Nate Smith: Kinfolk 2: See The Birds
Drummer and keyboard player Nate Smith leads an all-star cast on the second LP of a trilogy. Influenced by the entire spectrum of Black music, Smith’s work is heavy on breakbeat-like rhythms, tricky time signatures, rock riffs, and insightful lyrics. Opener “Altitude” is just a calm, welcoming vibe with cool keys, scat vocals, and ear-tickling vibraphones by Joel Ross. Class is in session with “Square Wheel”, a mini-marathon containing rapping, encouraging lyrics, angular rhythms, and boppy sax soloing, then it leads into a brief, tongue-twisting freestyle by emcee Kokayi. The instrumental “Street Lamp” intertwines driving alt-rock with heartfelt soul-jazz. Regina Carter contributes violin to the enchanting “Collision”, and a surprisingly dark, ethereal prelude leads into “Rambo: The Vigilante”, a tense, somewhat difficult, but riveting scorcher featuring Vernon Reid. Amma Whatt sings on the sensuous ballad “I Burn for You”, then Joel Ross and michael Mayo return for the synth-funk groover “See the Birds”. Finally, Brittany Howard guest on “Fly (For Mike)”, a gentle, hopeful ballad which feels like lifting off and floating in the air.
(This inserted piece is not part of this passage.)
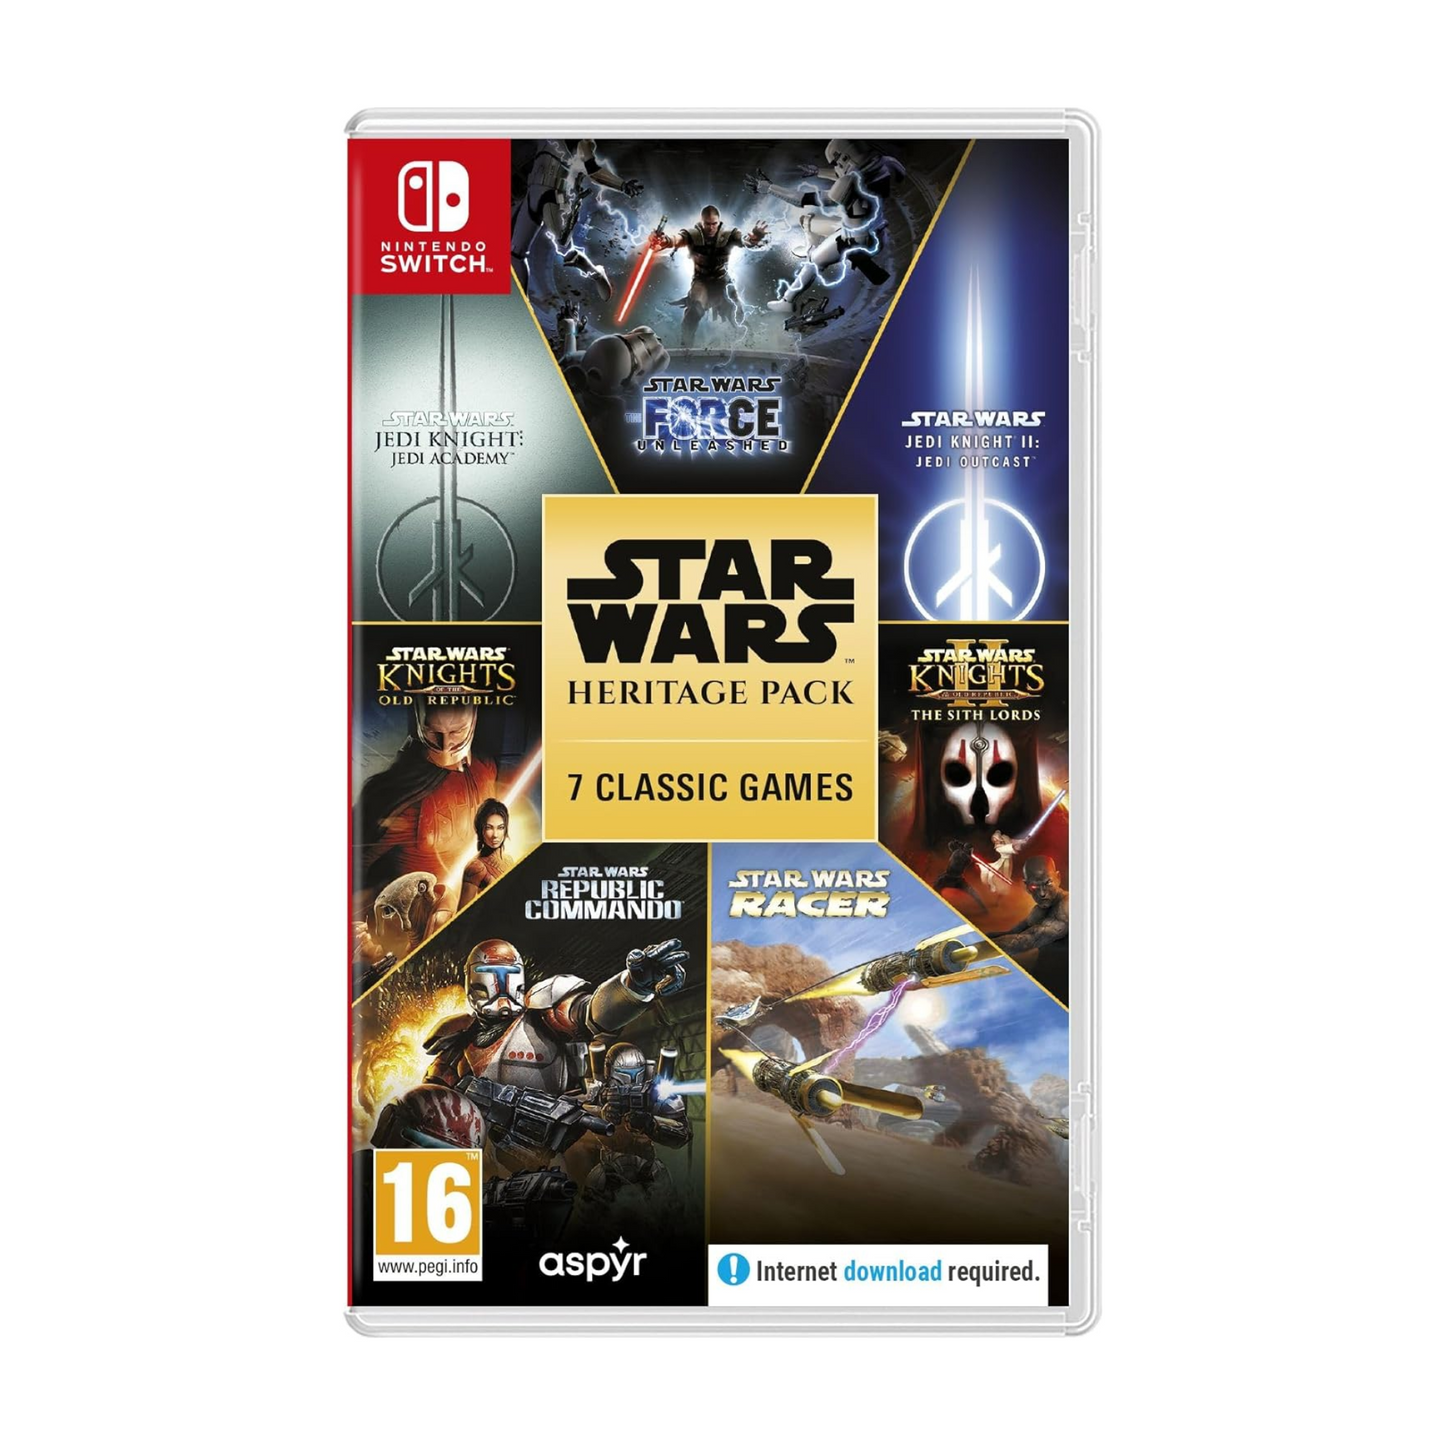 Star Wars Heritage Pack Video Game for Nintendo switch
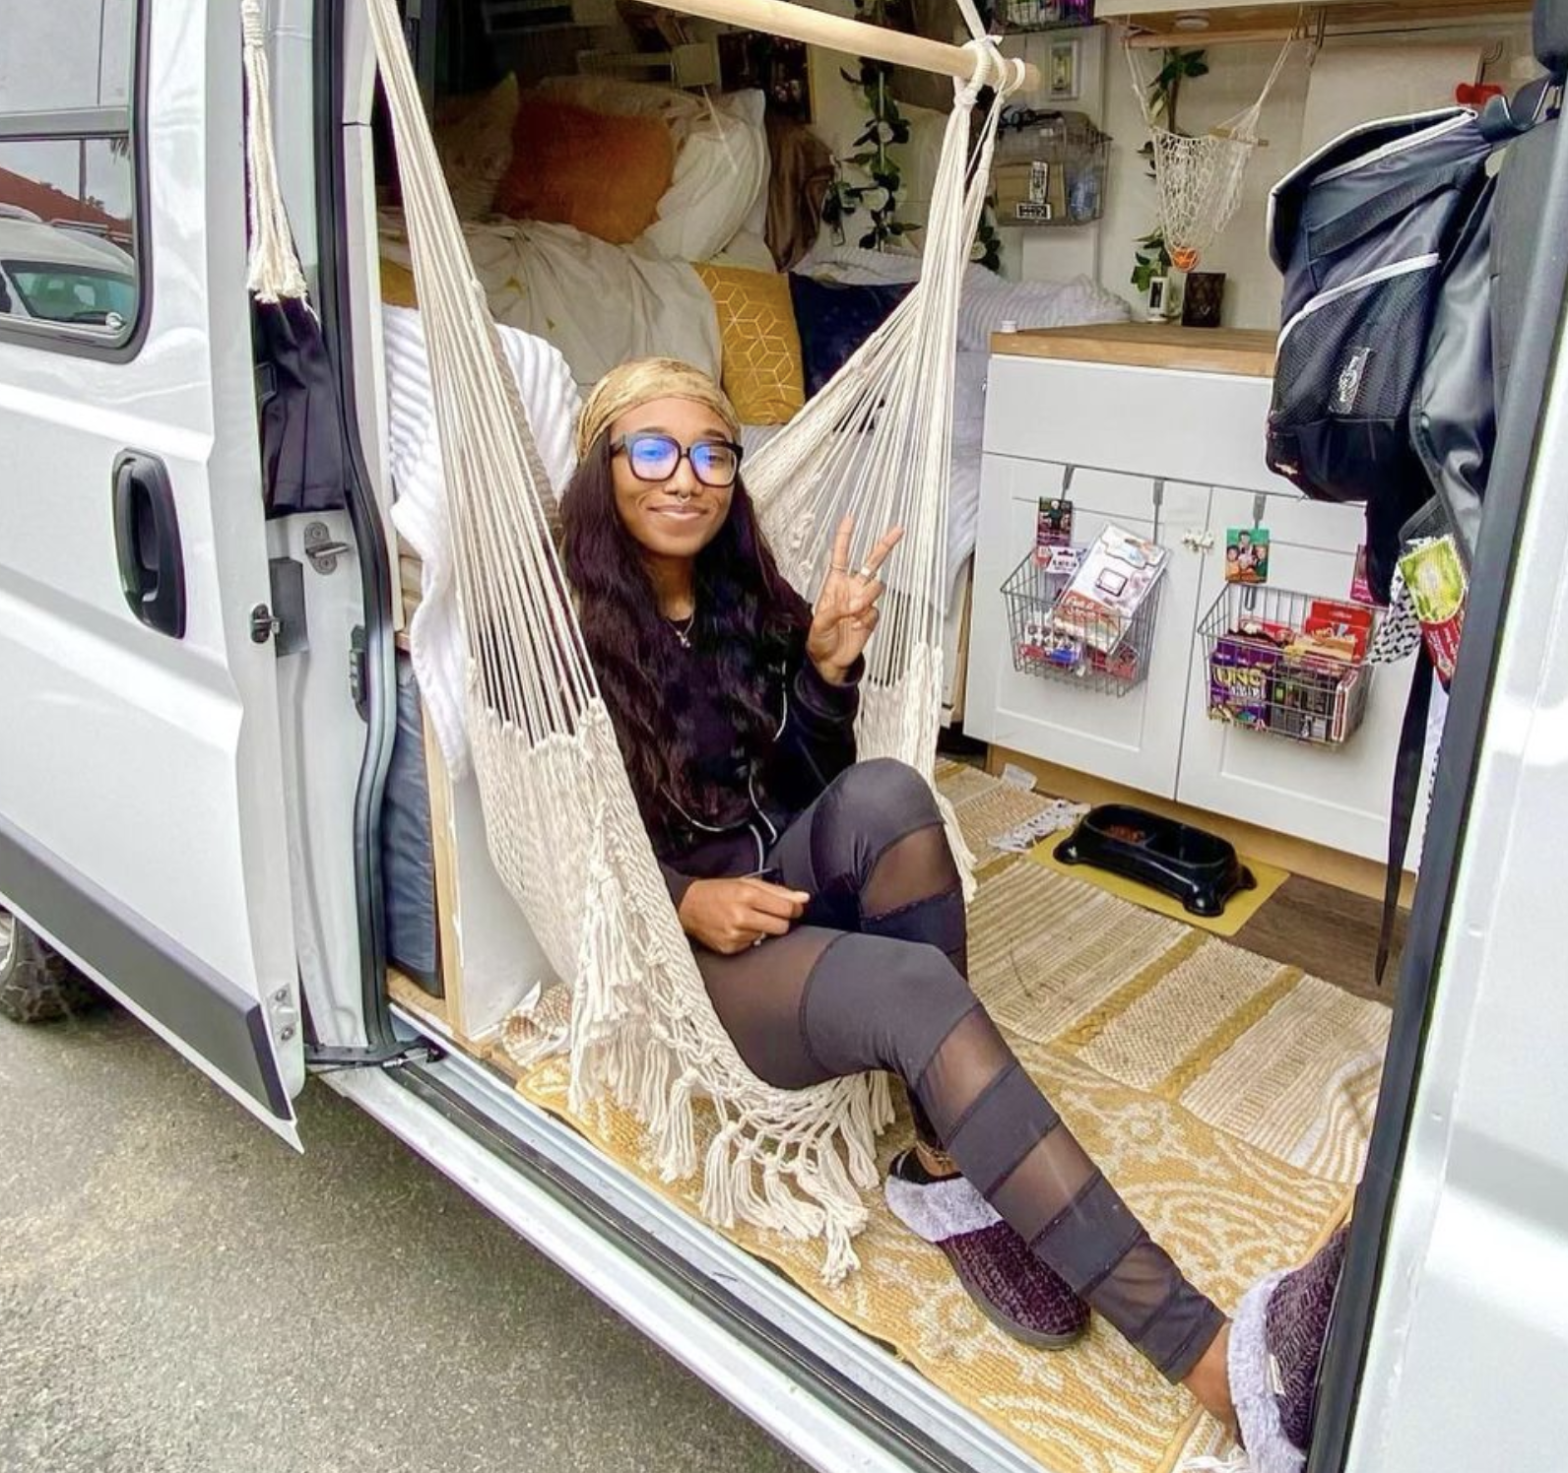 Meet Jasmine Wilson: The Woman Making $300K A Year While Living In A Van

November 11, 2021 at 6:19 pm | Posted in Reviews | Leave a comment

Suneaters: Suneaters XI: It’s the Future
Kansas City’s Suneaters are described as “post graduate rock” and “scientist rock” online, but they’ve gravitated towards electronic music with their most recent releases. Their newest album has palm trees and a setting sun on the cover, and it sounds like the score to the type of film that builds a lot of suspense out of long, breathtaking shots where almost nothing happens. Slow, hazy synthscapes point your mind in directions without spelling too much out. “Climate” creeps quietly, but there’s several sudden bursts and hallucinatory flare-ups. “Graveyard” is a long, drawn-out doomscape with an unexpected chopped-and-screwed sample appearing out of nowhere and adding to the tension. “No. 3” is a shorter, prettier piece that feels like floating in some sort of lush, crystal garden. Synths are so lovely, aren’t they? “On the Revolutions of the Heavenly Spheres” is a bit more alien, with more abrasive splotches of synths squirming about, but apart from reproducing and squizzing on top of each other, they don’t seem to move too much. “Sacco and Vanzetti” is just a long, heavy, dead-eyed stare, with some faint rumblings of stray synths and drums under heavy, swarming synth clouds, and a bug-out ending that truly catches you off guard.